In 1969, with a civil war raging, global football’s biggest star arrived in Benin City as part of a visit that would change Nigerian football forever. Those involved still remember the occasion vividly.

“It was all about Pele. Before one o’clock, Ogbe Stadium was jam-packed and it was difficult for people to have seats, because they were anxious to see the artistry of Pele,” Godwin Izilien told BBC Sport Africa.

Izilien had been chosen as captain of a team put together to represent Mid-Western State, an old administrative region that covered what are now Edo and Delta states, in a friendly against Pele’s Brazilian club Santos.

“It was at the peak of the civil war.

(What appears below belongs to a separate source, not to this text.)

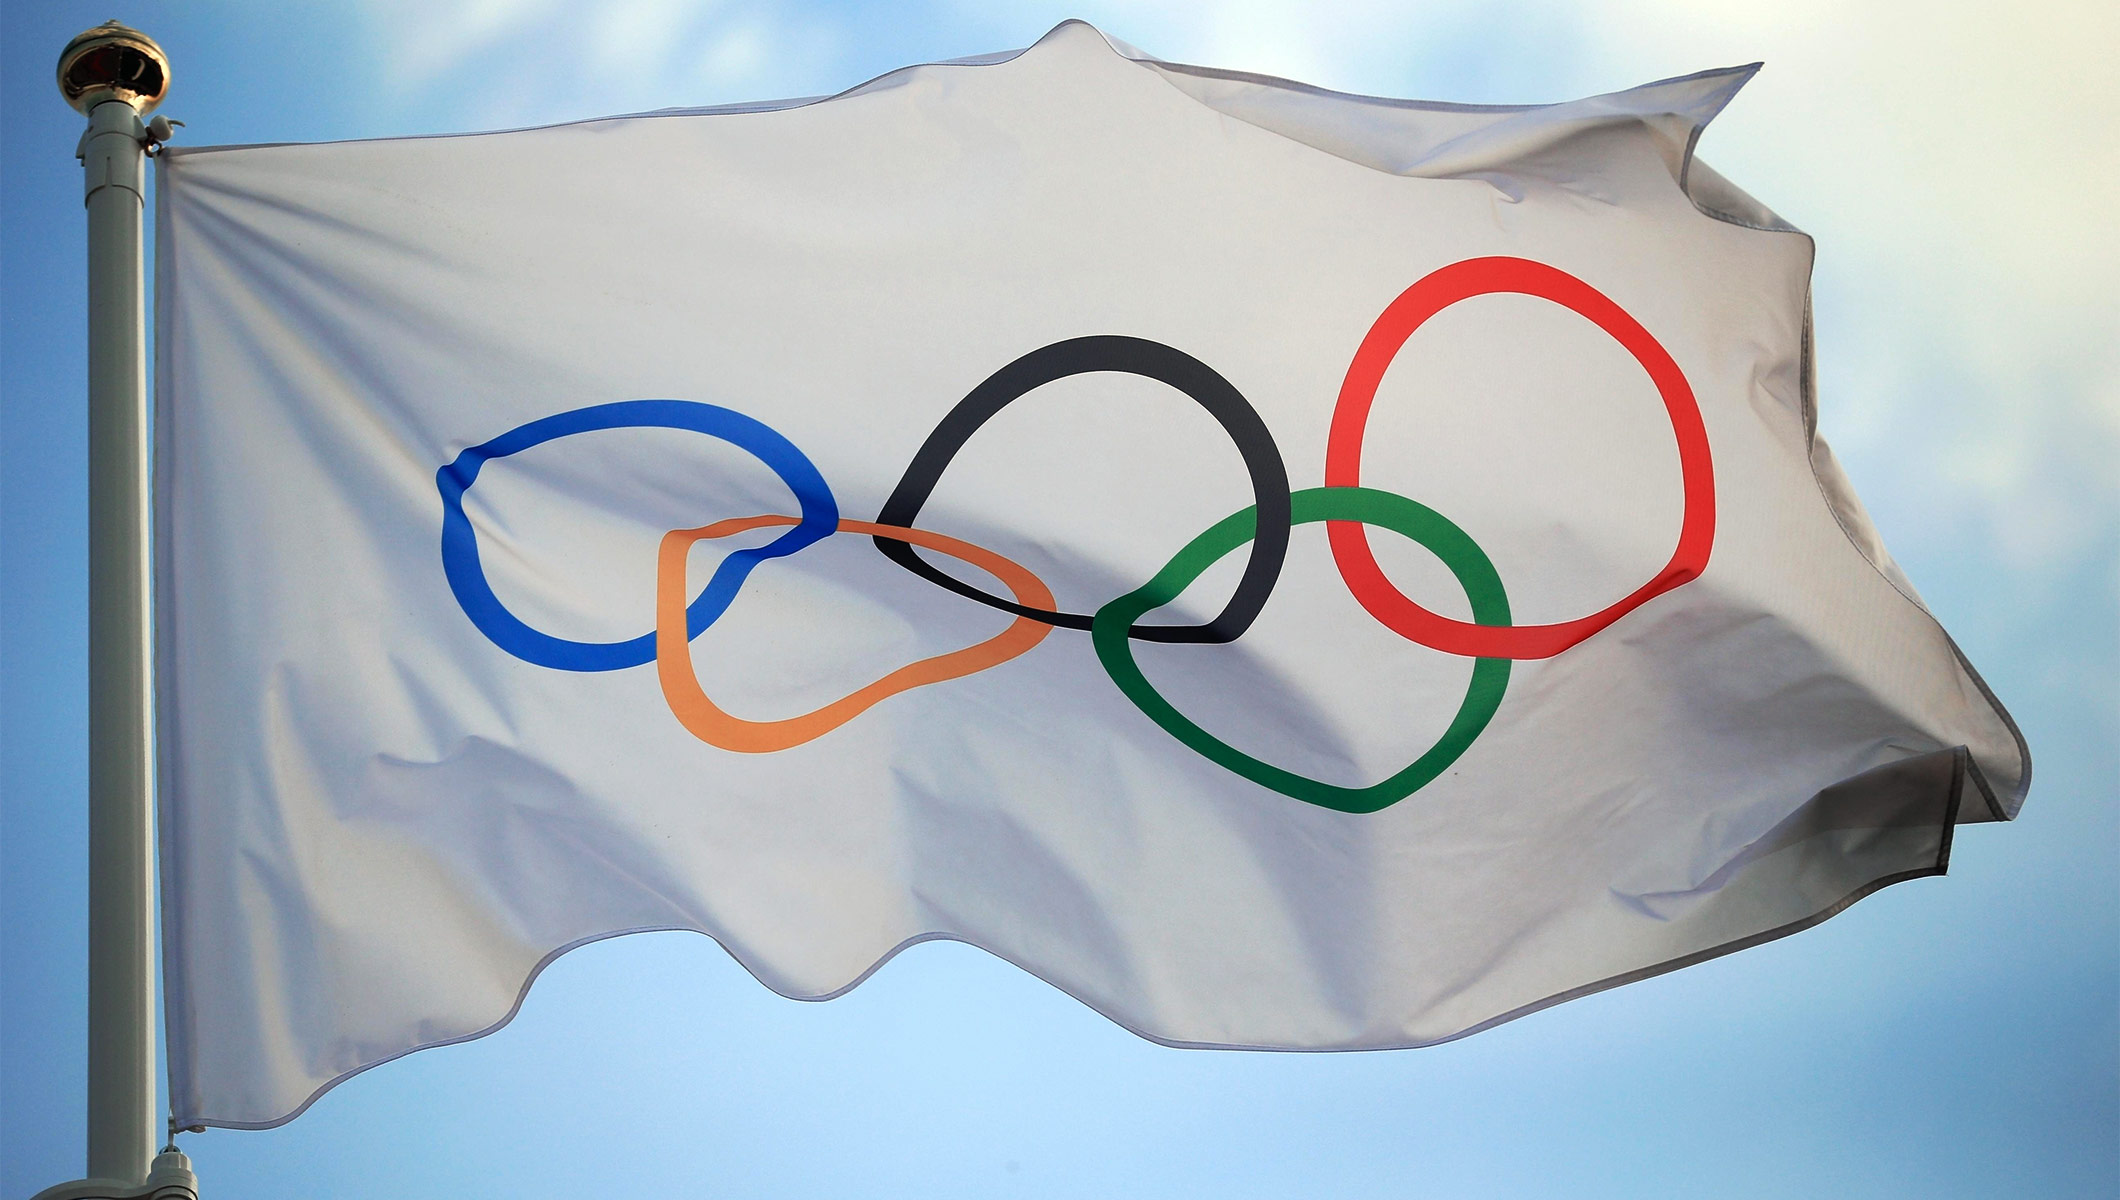 IOC president 'fully committed' to holding Olympics despite Coronavirus
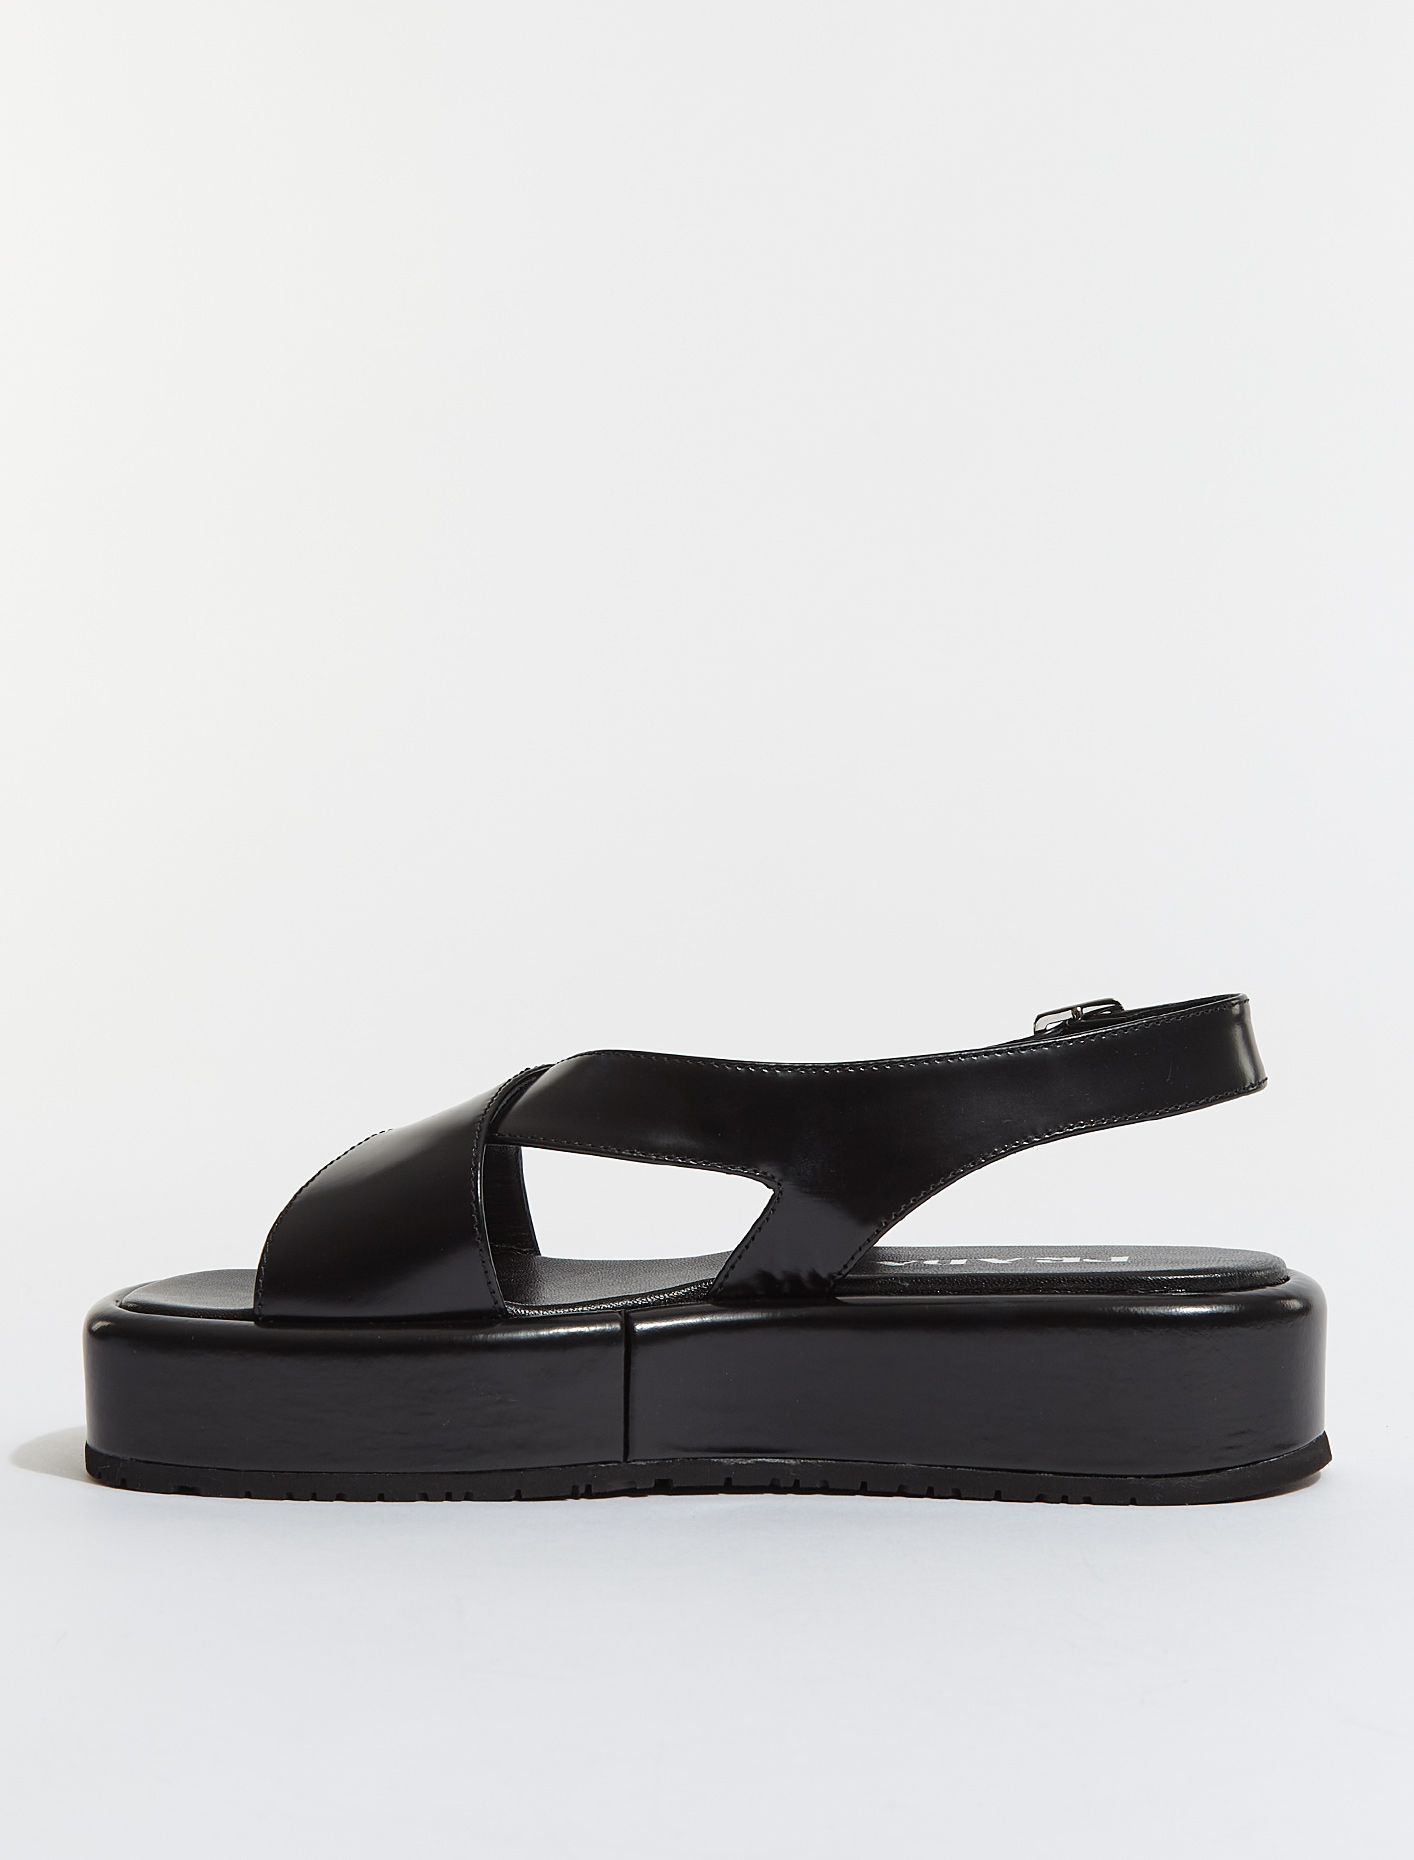 Prada Wedge Leather Sandals in Black | Voo Store Berlin | Worldwide ...

The day of the match, nobody thought of guns any more,” Izilein added.

With a roster including Pele and the likes of fellow Brazil legends, Carlos Alberto and Pepe, Santos’ so-called ‘Santasticos’ spent much of the 1960s cashing in on their global fame, heading out on exhibition tours across multiple continents.

They made more than one trip to Africa, including the 1969 visit that included stop-offs in Algeria, Congo-Brazzaville, DR Congo, Ghana and Mozambique, in addition to Nigeria.

Aged 28, Pele was already a two-time World Cup winner, having burst on to the scene as a precocious 17-year-old in 1958, scoring six goals as Brazil won their first title in Sweden. The Selecao made it back-to-back World Cups in Chile in 1962, although Pele missed much of that tournament through injury.

Although Santos’ arrival in Nigeria came a year ahead of Brazil’s much-celebrated third world title, claimed in Mexico in 1970, Pele was still seen as an African sporting icon, given his ancestry on the continent.